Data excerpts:
==================================================
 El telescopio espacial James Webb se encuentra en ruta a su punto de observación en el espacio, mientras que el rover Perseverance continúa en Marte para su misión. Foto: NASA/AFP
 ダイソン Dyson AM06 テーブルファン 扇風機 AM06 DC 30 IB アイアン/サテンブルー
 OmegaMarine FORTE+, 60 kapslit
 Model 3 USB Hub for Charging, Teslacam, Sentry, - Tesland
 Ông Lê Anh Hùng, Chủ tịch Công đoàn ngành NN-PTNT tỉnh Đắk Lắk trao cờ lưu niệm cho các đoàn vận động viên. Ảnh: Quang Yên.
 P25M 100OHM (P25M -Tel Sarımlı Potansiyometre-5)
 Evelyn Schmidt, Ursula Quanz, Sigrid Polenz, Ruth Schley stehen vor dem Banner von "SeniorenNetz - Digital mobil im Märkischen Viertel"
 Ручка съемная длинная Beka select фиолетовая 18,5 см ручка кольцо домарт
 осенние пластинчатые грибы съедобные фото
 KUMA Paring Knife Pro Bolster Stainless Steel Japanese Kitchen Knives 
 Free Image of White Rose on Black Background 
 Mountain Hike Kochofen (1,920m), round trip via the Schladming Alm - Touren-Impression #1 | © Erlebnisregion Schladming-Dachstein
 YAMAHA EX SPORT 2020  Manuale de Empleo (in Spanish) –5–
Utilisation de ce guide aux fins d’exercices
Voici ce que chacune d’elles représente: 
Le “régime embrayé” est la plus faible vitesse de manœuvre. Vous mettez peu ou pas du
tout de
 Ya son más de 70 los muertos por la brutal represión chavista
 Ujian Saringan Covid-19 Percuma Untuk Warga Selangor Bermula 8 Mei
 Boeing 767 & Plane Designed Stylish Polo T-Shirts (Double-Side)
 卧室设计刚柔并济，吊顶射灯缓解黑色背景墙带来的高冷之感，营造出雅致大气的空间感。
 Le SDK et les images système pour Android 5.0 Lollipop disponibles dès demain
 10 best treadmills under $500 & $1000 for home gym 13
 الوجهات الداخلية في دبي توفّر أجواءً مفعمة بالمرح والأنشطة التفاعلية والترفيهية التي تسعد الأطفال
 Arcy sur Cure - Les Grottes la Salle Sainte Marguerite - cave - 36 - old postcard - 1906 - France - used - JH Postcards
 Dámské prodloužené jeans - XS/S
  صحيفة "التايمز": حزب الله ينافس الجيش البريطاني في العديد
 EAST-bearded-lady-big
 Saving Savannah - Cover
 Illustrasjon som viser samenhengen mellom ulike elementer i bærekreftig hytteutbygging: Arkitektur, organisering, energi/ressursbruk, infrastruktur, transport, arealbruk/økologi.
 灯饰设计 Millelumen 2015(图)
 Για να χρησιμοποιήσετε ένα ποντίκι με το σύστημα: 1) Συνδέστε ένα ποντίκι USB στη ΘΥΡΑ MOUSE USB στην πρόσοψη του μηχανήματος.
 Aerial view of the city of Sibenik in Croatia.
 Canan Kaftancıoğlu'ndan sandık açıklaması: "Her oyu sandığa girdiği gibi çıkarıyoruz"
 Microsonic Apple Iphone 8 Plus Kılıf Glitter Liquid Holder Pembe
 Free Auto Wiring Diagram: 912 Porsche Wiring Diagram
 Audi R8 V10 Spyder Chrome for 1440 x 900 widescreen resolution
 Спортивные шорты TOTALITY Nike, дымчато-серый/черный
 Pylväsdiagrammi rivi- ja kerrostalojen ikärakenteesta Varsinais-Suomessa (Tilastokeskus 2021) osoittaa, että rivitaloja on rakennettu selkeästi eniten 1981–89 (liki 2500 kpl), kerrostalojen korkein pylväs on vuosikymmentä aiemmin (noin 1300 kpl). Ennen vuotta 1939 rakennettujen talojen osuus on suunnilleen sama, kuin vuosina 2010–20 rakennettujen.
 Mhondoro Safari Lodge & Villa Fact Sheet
==================================================
EXERCISE:
Each line above with the string "Free" in it should be located and copied.

WORKED SOLUTION:
 Free Image of White Rose on Black Background 
 Free Auto Wiring Diagram: 912 Porsche Wiring Diagram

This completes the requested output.